My husband 29 giving me 31/f ultimatum & I am not taking things well. Quick context - the entire issue revolves around how horrible our sex life is. I have a 1 1/2 toddler that I mostly take care of, I do all the house chores (cleaning, laundry, cooking), I try to regularly go to the gym now bc he says I’m overweight (5’3 150 lbs), and with a full time job. He too works, pays rent, my car insurance, and occasionally the grocery. He also sometimes takes me out usually after a lot of “nagging.” He occasionally does diapers and often helps bathe our baby due to my hand eczema. That sums up how we work as partners and parents.
He has expressed disappointment in our sex life often bc it’s not as passionate as it used to be. My excuse is that I’m tired after everything, that I do much of the work since he gradually stopped doing half the chores, and also that his change in behavior has made me less warm. He has temper issues and has done and said lots of things that have scarred me and I still carry it with me so I don’t look at him the same way. Those things range from slapping me, cussing, yelling, telling me I’m fat, that I’m not worth investing in when it comes to buying our own home (we live in his moms house).
Im not perfect, I have flaws too ranging from nagging, clingy, and used to have major trust issues.

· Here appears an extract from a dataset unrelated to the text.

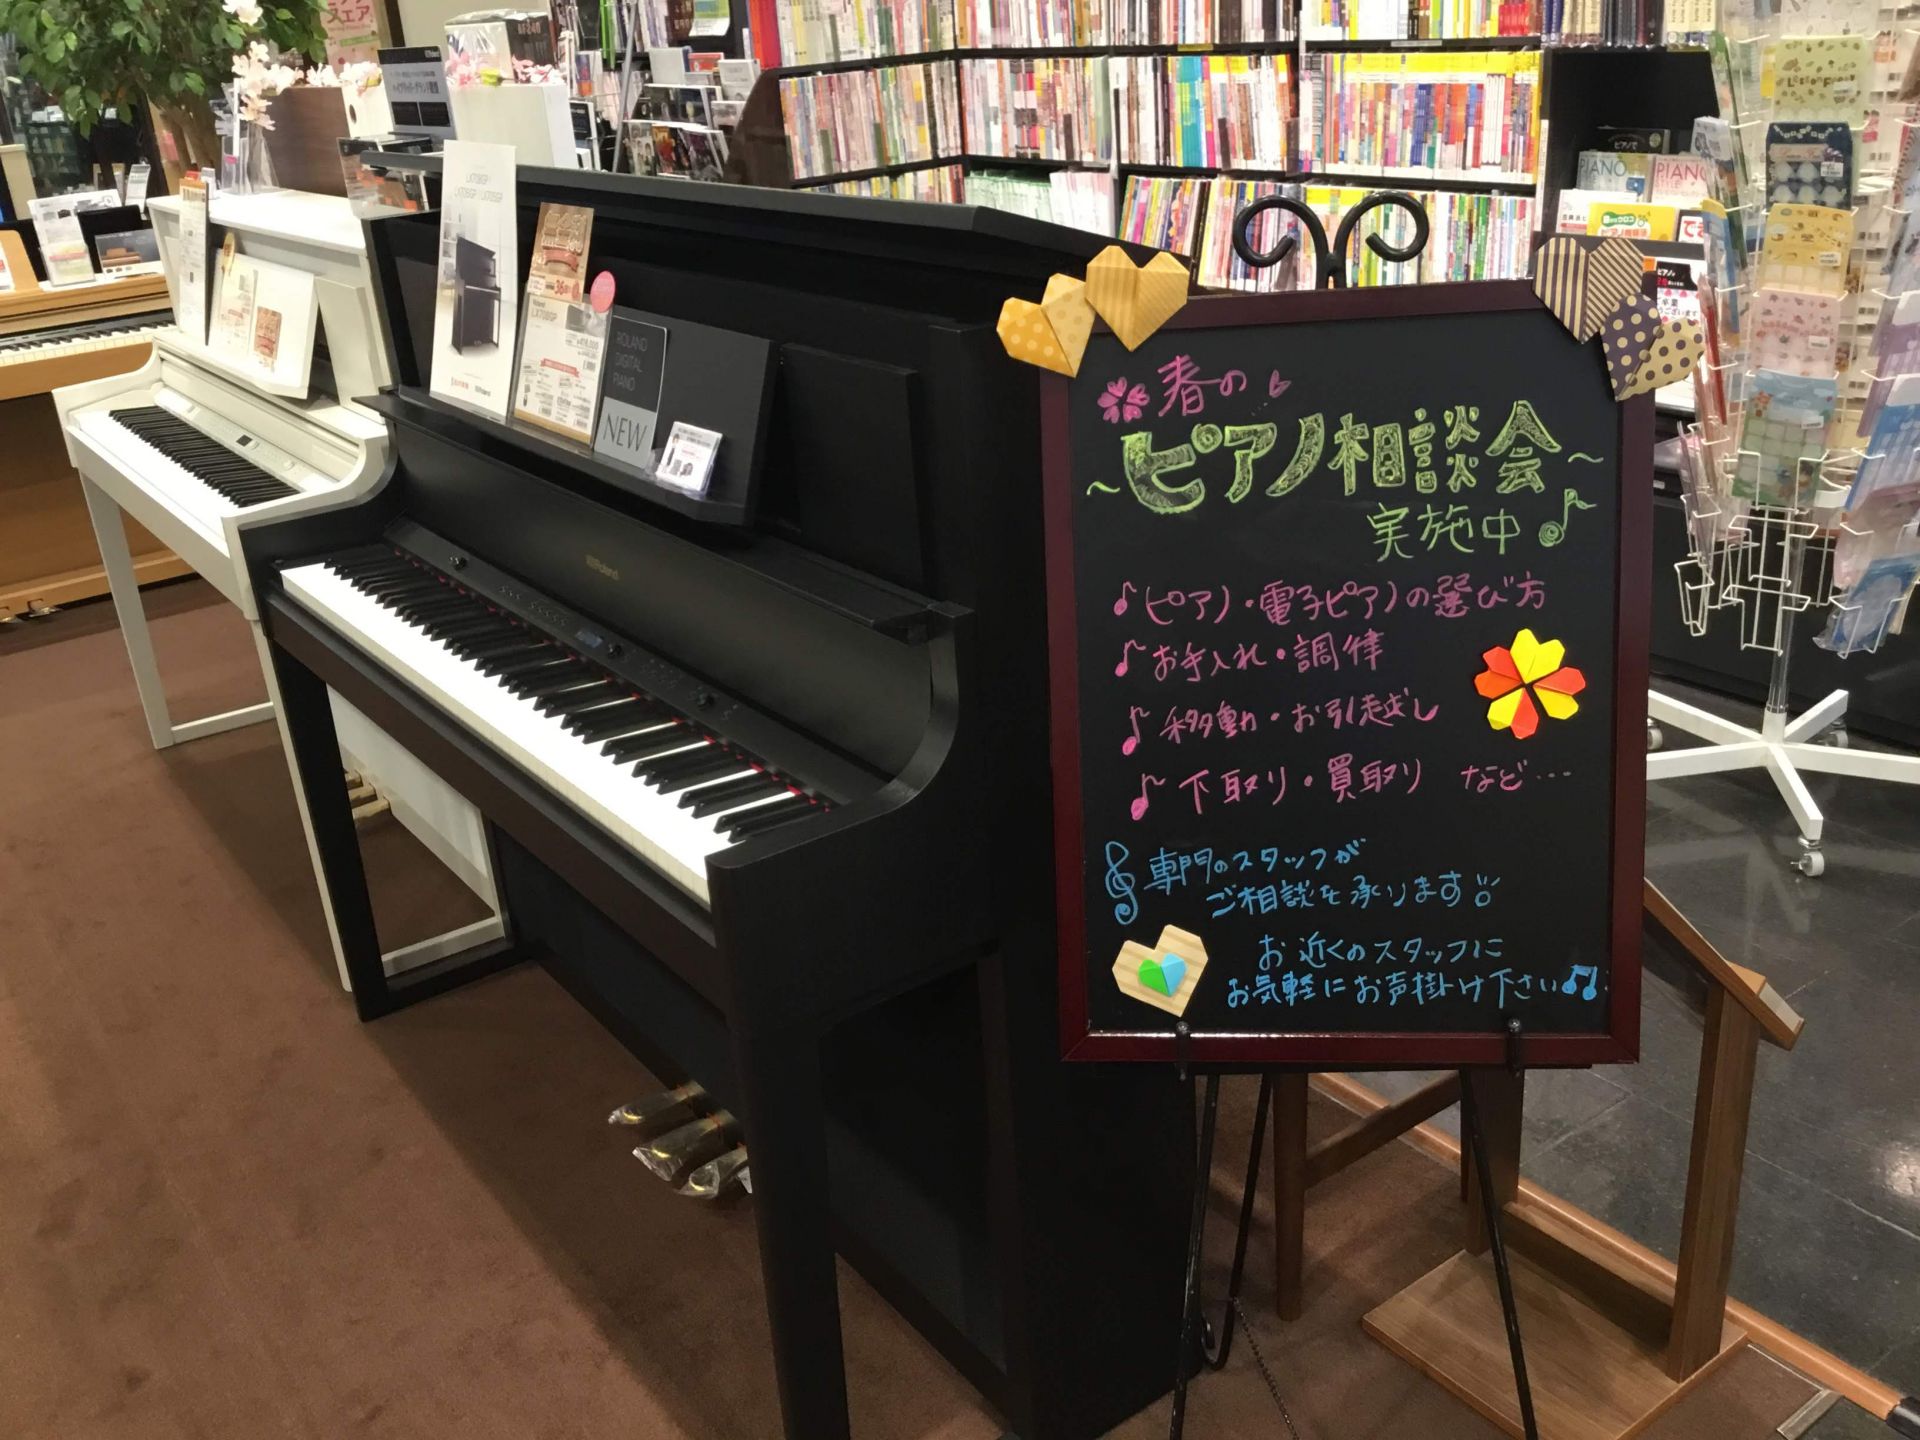 こんにちは！宮崎店ピアノ担当の佐々良です。]] ただ今島村楽器では「夏のピアノフェア」を実施致しております。 [!![https://www.shimamura.co.jp/p/campaign/2019summerpianofair/index.html:title=フェアの詳細はこちらをクリック […]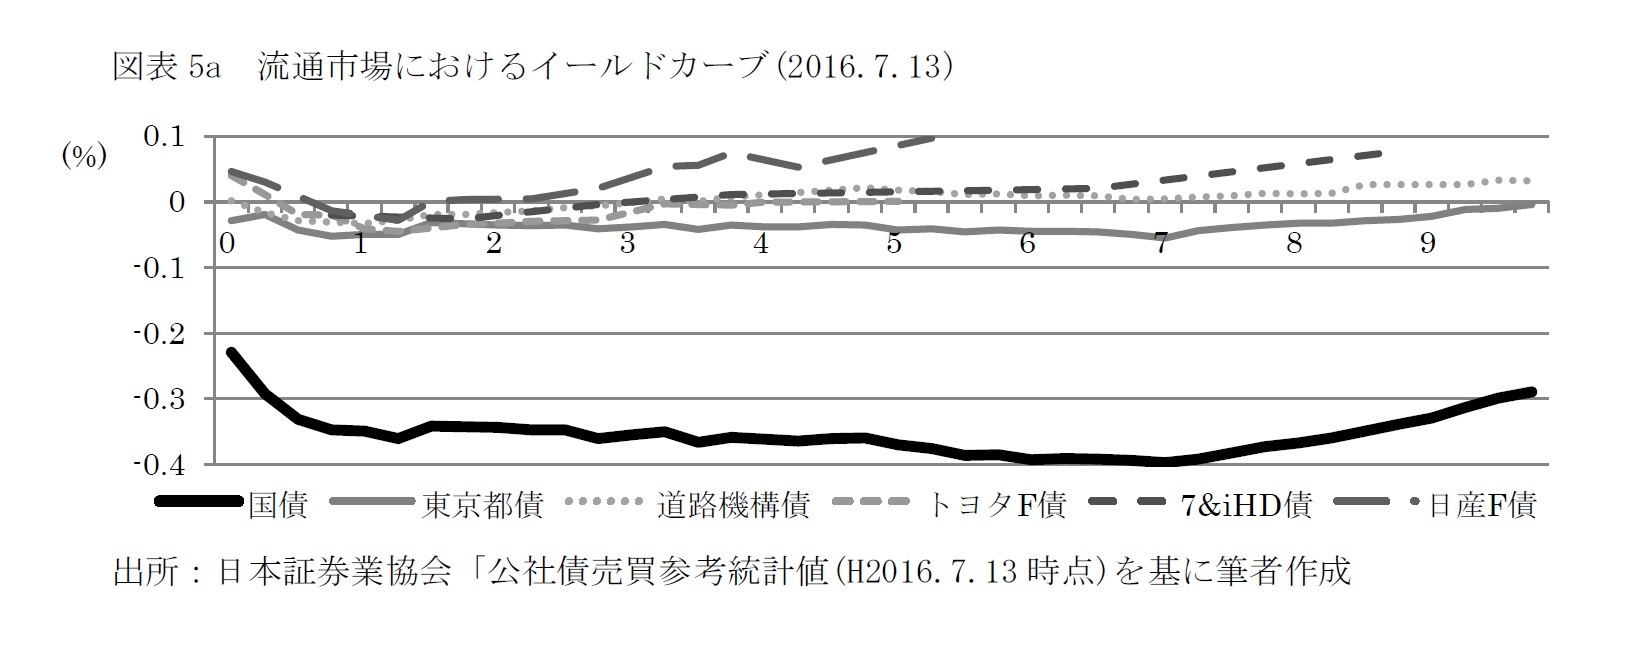 図表5a　流通市場におけるイールドカーブ(2016.7.13)

I still love him and do not wish to part ways. I recognize that I am dependent on his love and affection and find it impossible to let go or leave. But he has told me that I need to learn how to get better in bed otherwise divorce. So I asked him what he was going to do to improve. I requested he help more with chores so I’m less tired, to respect me more, and to get out of my MIL house. He said that he doesn’t need to give me anything else and that I have a lot to lose so I should t ask. He also said that he doesn’t think I’ll improve so he won’t buy a house, I would have to buy it.
This all makes him sound terrible I think? I don’t know. I question my sanity. Am I the crazy one and he’s asking for reasonable things? Perhaps I have failed as a wife, as a woman?
TL;DR husband gave me ultimatum to improve our sex life otherwise divorce. I asked for tho ya too but he said he doesn’t need to change that it’s just me. I’m taking it badly and not sure what to do.